Given records =

■ ■ ■ ■

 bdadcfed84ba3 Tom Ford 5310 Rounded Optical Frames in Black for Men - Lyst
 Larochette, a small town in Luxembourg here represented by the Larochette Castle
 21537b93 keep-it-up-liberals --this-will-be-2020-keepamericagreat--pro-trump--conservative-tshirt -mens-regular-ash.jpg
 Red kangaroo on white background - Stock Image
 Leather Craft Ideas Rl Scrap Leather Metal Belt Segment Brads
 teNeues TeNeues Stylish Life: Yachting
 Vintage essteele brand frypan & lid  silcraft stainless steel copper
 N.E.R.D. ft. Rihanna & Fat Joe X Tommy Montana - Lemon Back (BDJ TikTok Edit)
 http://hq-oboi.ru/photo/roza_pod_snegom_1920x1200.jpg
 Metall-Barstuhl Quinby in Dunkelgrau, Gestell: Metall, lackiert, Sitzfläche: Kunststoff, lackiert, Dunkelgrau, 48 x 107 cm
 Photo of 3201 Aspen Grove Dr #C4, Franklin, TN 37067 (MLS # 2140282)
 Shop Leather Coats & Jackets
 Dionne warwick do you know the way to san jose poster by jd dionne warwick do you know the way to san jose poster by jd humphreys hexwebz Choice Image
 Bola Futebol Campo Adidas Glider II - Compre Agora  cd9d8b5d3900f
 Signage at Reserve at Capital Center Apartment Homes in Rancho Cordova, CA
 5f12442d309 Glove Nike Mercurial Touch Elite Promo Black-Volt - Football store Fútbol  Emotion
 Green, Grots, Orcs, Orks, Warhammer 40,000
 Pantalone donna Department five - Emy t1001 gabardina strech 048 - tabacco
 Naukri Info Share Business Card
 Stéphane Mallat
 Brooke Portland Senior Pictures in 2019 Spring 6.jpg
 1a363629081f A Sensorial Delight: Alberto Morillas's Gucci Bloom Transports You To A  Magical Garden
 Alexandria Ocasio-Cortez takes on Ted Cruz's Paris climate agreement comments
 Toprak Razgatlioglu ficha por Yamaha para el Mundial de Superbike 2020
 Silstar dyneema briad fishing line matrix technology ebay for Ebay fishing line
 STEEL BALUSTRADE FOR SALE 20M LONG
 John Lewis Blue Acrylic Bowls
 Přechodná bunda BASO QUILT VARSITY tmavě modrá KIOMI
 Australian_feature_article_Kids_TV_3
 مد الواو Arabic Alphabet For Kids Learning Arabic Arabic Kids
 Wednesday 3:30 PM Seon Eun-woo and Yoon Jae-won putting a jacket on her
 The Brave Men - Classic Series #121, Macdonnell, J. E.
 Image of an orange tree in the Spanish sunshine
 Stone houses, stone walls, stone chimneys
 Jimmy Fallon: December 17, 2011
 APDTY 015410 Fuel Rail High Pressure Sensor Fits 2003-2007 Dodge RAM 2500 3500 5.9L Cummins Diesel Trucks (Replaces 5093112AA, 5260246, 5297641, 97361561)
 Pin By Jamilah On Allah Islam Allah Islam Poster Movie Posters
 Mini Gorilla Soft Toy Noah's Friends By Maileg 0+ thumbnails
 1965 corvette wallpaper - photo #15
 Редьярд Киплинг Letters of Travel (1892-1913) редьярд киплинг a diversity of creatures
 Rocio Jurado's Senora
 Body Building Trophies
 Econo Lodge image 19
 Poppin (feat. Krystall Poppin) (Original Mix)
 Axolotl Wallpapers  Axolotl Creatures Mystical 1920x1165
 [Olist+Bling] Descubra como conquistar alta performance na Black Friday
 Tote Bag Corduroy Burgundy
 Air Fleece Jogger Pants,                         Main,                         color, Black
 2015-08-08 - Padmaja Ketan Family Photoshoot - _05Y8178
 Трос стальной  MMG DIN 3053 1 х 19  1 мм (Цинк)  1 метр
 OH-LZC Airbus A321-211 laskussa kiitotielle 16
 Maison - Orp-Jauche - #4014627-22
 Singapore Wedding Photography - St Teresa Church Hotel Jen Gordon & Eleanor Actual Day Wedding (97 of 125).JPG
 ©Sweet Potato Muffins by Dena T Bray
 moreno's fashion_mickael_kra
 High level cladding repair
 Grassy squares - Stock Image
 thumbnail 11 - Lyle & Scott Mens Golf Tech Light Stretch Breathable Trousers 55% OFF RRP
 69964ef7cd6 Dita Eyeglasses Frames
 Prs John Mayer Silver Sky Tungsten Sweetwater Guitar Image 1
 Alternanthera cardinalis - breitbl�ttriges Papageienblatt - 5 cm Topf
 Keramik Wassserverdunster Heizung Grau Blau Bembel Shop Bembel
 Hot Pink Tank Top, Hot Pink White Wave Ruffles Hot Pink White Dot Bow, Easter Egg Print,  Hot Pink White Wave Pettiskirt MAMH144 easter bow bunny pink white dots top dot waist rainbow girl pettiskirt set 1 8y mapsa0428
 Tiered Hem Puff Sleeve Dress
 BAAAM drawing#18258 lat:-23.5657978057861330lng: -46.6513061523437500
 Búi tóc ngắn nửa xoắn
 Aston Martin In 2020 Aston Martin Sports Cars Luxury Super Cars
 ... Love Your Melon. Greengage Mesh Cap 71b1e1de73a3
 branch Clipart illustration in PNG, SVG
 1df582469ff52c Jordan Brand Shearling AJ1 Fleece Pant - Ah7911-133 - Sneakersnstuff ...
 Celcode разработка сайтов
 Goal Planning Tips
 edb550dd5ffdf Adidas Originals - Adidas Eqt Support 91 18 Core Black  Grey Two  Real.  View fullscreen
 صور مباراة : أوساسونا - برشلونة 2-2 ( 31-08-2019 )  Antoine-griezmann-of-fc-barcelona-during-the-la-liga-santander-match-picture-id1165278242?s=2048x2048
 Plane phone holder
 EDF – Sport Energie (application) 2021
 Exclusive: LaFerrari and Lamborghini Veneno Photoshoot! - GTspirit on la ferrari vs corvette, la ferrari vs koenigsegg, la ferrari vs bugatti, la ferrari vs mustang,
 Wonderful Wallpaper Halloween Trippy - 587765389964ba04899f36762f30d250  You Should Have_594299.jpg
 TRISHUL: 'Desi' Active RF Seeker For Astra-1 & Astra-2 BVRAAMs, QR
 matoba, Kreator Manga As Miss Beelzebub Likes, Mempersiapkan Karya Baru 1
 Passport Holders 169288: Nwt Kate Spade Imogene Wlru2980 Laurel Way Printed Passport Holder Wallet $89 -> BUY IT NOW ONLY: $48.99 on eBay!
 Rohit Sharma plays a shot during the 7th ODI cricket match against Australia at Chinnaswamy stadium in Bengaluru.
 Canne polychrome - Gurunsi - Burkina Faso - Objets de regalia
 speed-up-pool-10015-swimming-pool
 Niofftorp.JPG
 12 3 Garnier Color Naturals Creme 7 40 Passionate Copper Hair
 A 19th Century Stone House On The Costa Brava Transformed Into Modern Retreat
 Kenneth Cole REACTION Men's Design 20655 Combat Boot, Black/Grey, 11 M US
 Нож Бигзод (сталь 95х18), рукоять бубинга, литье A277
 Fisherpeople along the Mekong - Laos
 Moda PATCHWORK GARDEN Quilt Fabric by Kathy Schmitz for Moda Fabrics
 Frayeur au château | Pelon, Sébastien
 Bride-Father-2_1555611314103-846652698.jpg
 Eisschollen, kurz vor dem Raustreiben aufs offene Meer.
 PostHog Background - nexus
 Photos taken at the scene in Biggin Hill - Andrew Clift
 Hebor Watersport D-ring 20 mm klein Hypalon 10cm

■ ■ ■ ■

Exercise details = Examine the listing and say how many of its lines contain the string "corvette". Give the number alone.

Task solution = 2